About this task
Pictures aside, reproduce exactly and only the lines below, starting at the one containing "Vincenzo Aloja (1768-1817)." and ending at the last line.
(Beginning of Data below)
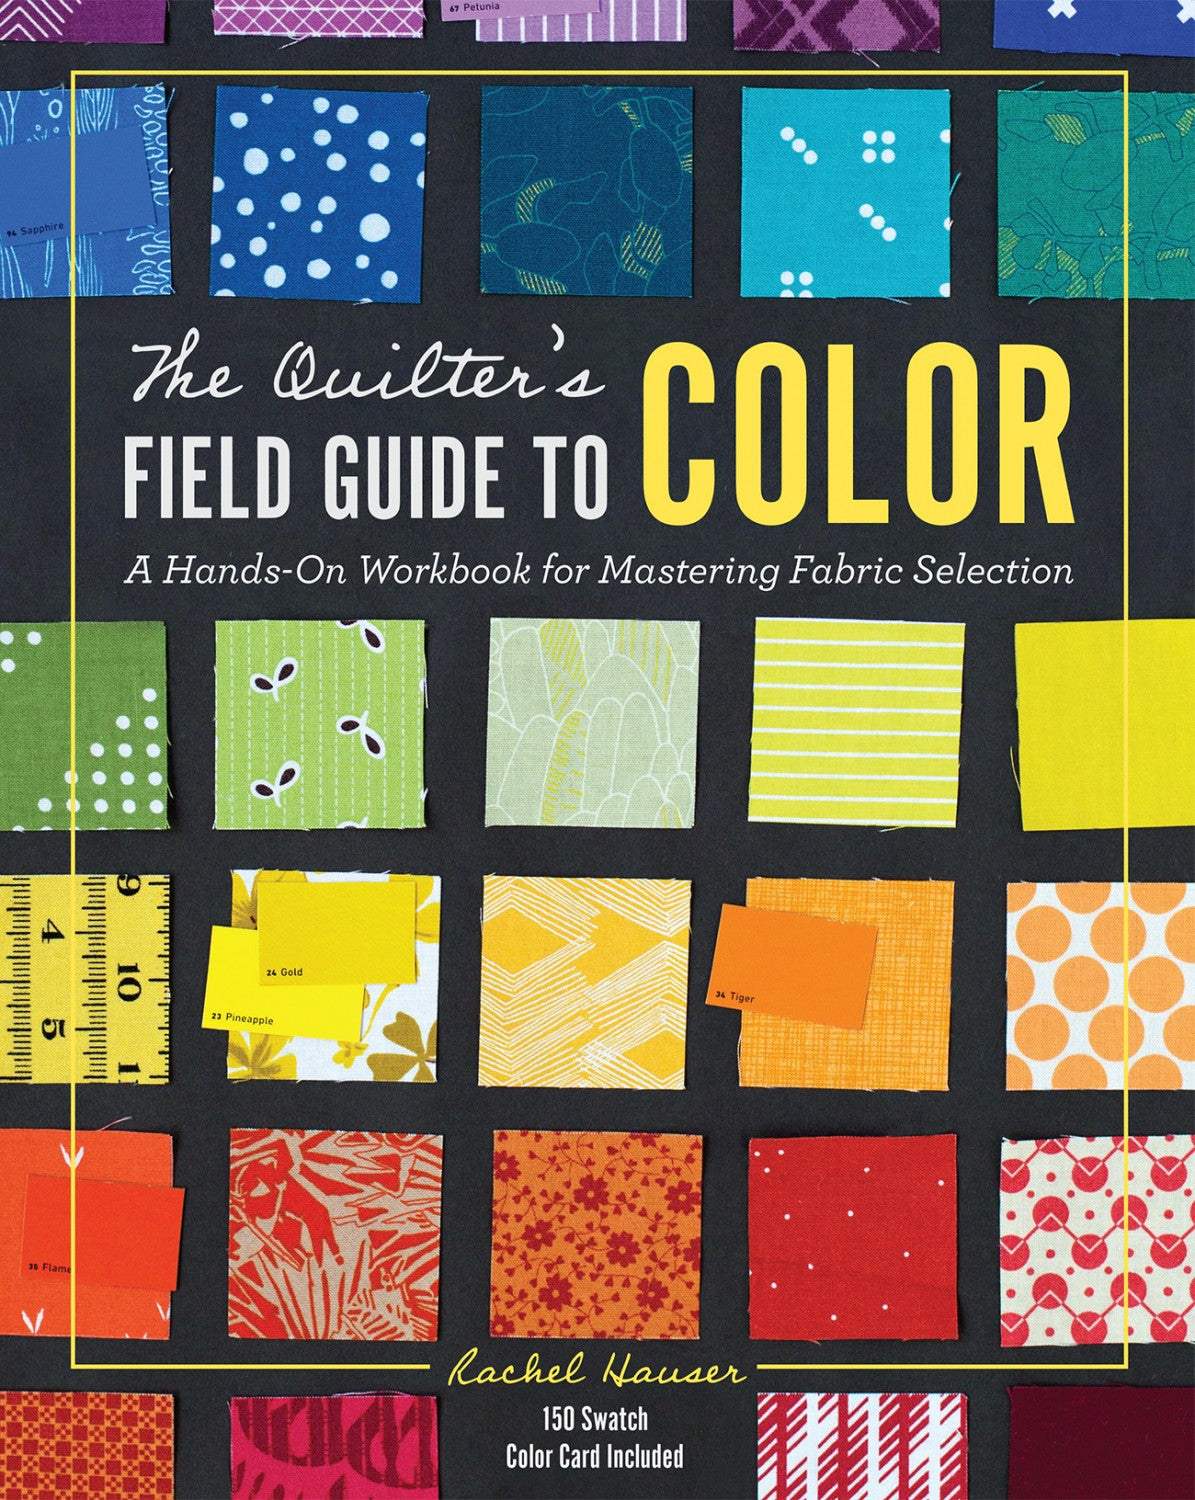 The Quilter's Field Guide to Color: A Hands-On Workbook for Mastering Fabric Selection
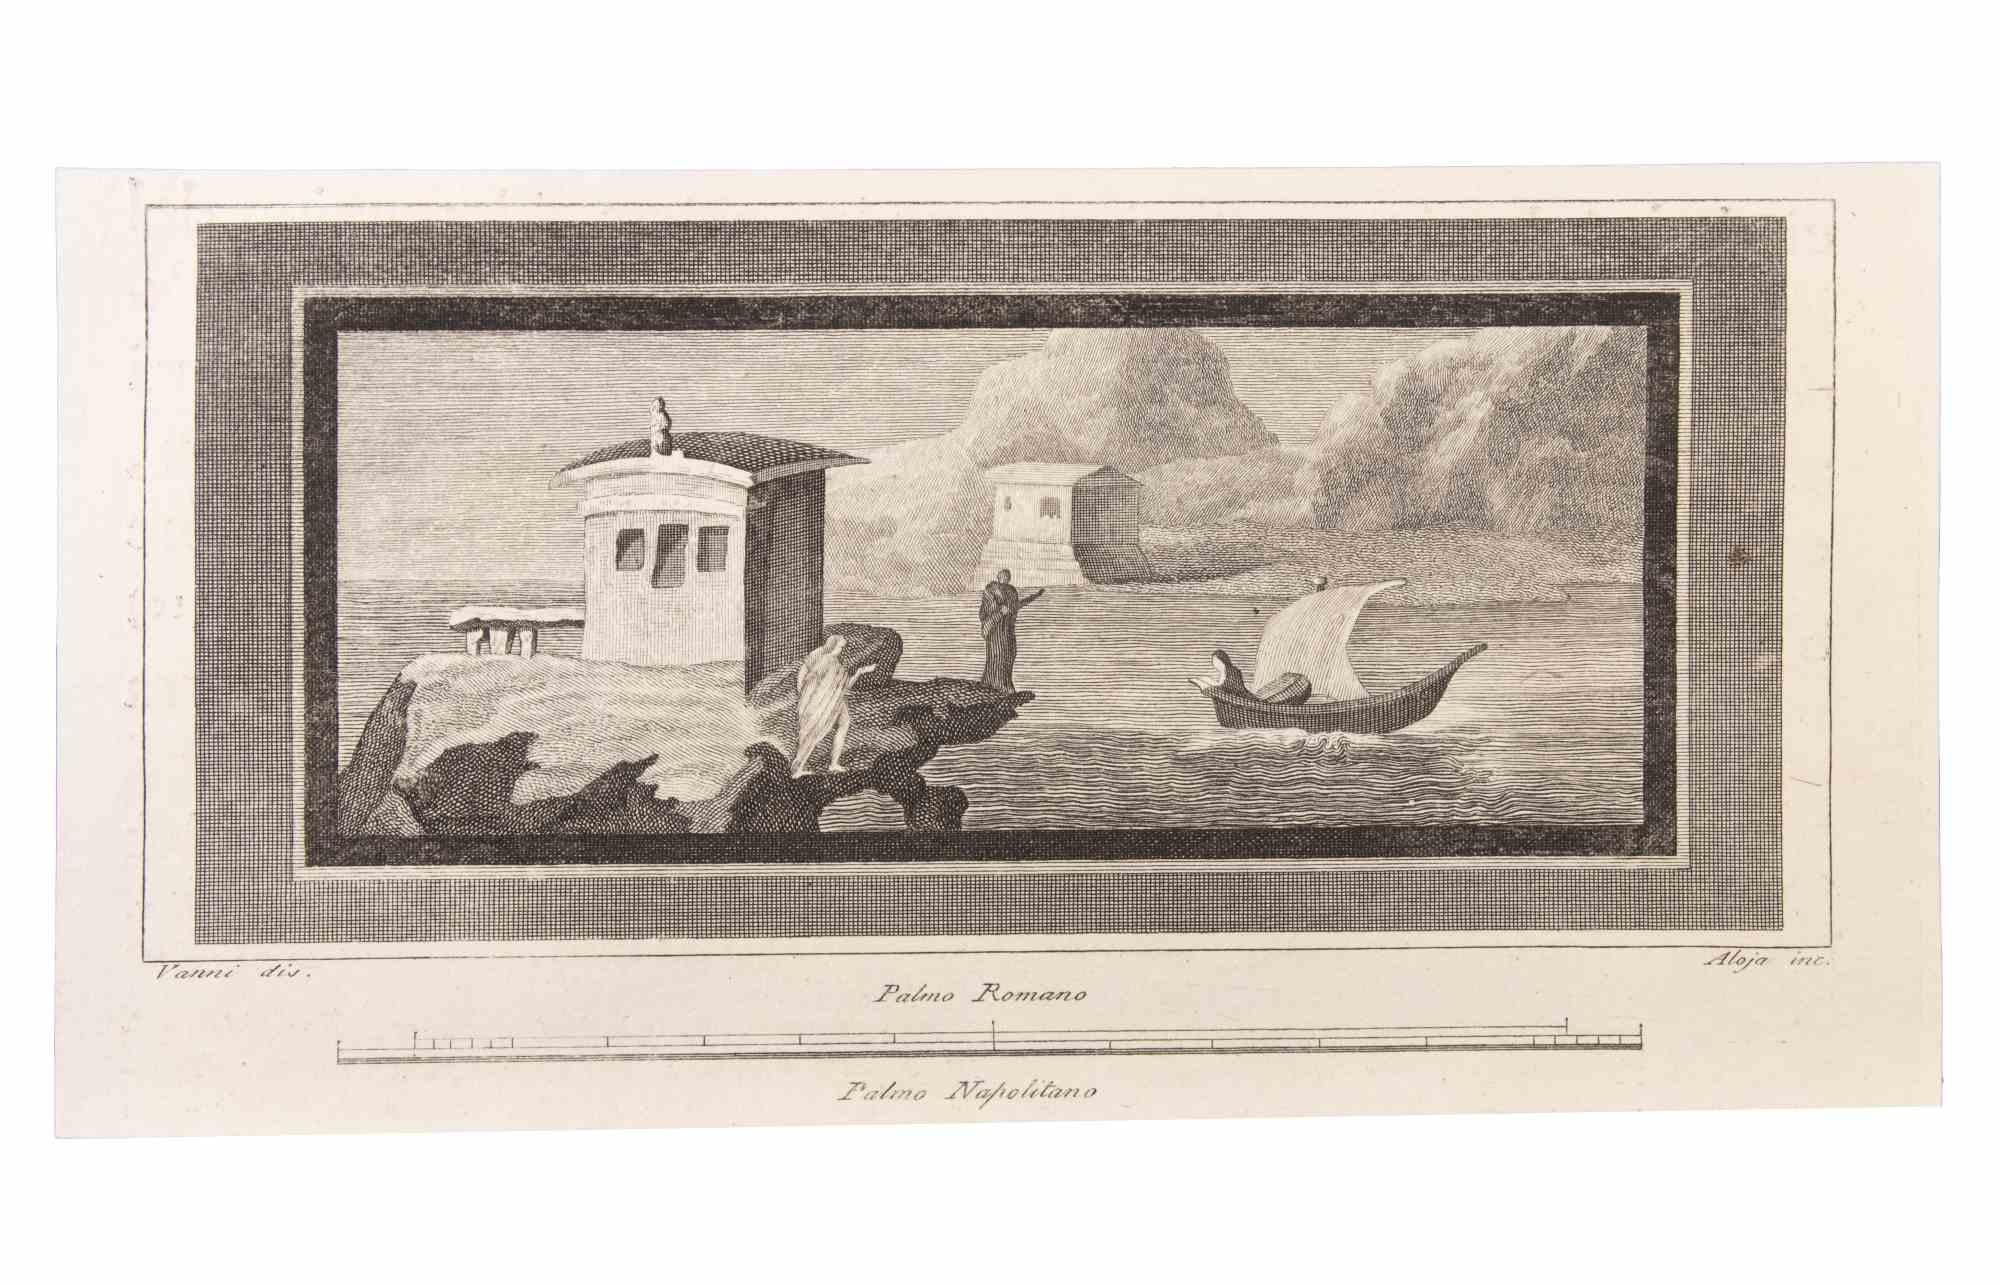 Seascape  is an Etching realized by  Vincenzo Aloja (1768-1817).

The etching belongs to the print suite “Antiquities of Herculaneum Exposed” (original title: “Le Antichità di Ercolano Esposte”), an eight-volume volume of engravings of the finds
(End of Data below)
Answer box
 Seascape  is an Etching realized by  Vincenzo Aloja (1768-1817).

The etching belongs to the print suite “Antiquities of Herculaneum Exposed” (original title: “Le Antichità di Ercolano Esposte”), an eight-volume volume of engravings of the finds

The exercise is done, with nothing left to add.